Question

the diagram shows a convex polygon. angles: (4c - 50^circ), (15c + 1^circ), (18c + 44^circ), (16c + 23^circ), (22c). what is the value of (c)? (c = square^circ)

Explanation:

Step1: Recall the sum of exterior angles of a convex polygon.

The sum of the exterior angles of any convex polygon is \( 360^\circ \).
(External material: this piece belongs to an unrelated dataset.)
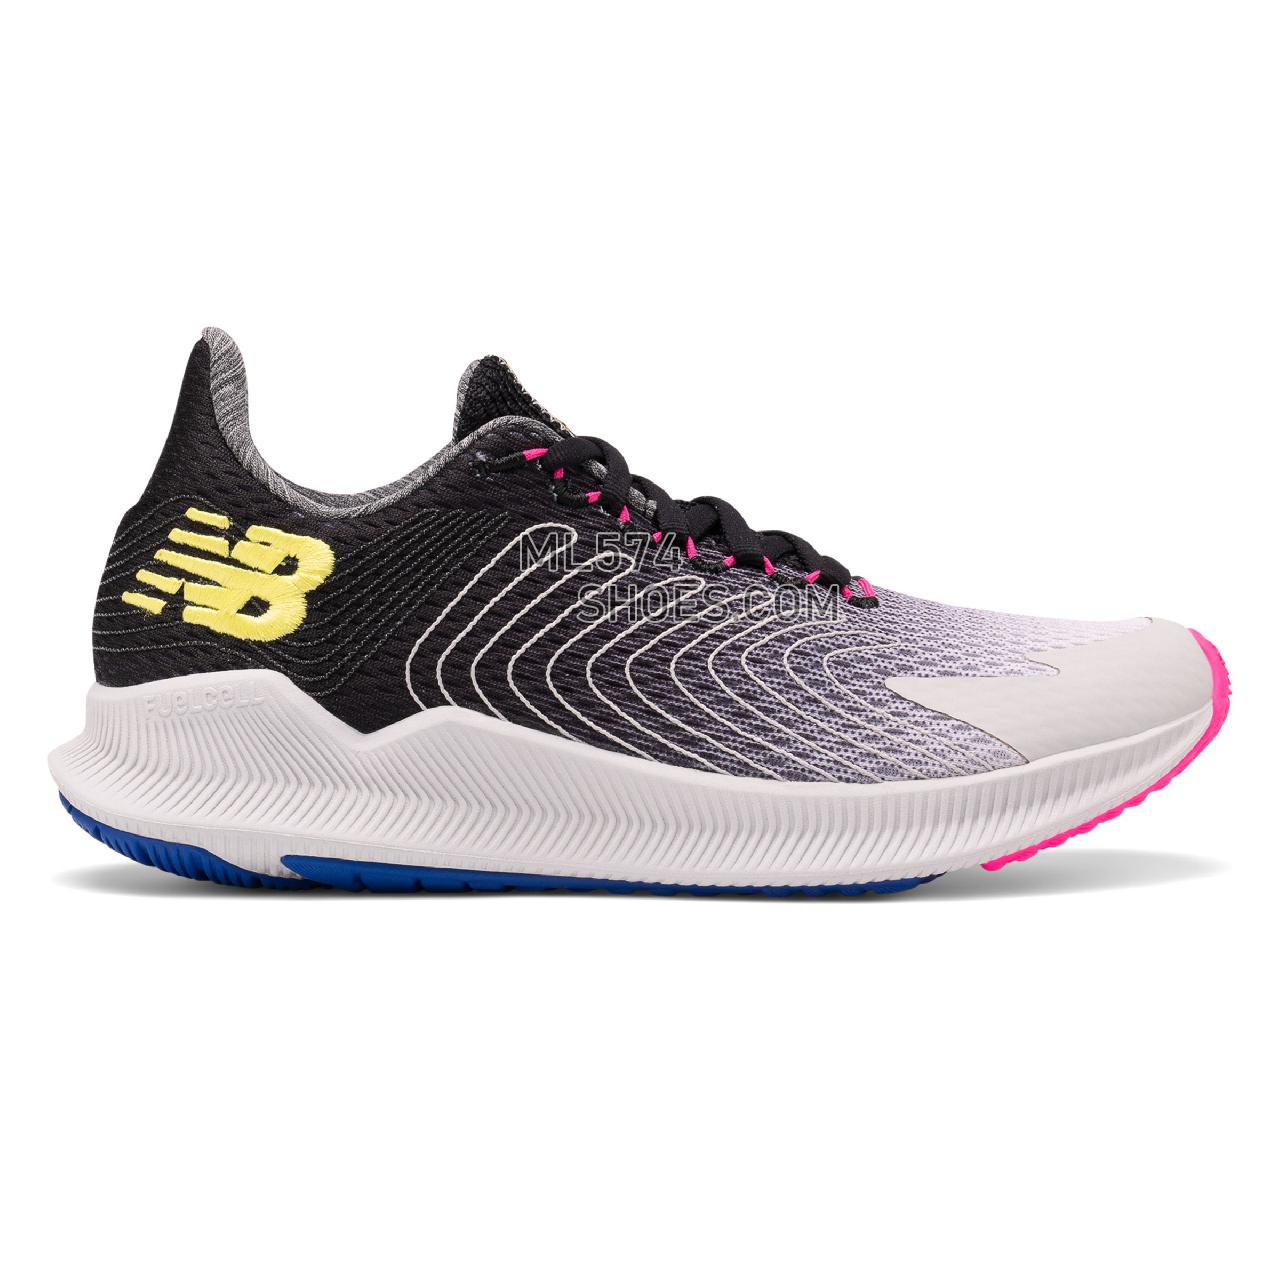 New Balance FuelCell Propel - Women's Neutral Running - Summer Fog with Black and Sulphur Yellow - WFCPRLF1

So we add up all the given exterior angles and set the sum equal to \( 360^\circ \).
The angles are \( 4c - 50^\circ \), \( 15c + 1^\circ \), \( 18c + 44^\circ \), \( 22c \), and \( 16c + 23^\circ \).
So the equation is:
\( (4c - 50) + (15c + 1) + (18c + 44) + 22c + (16c + 23) = 360 \)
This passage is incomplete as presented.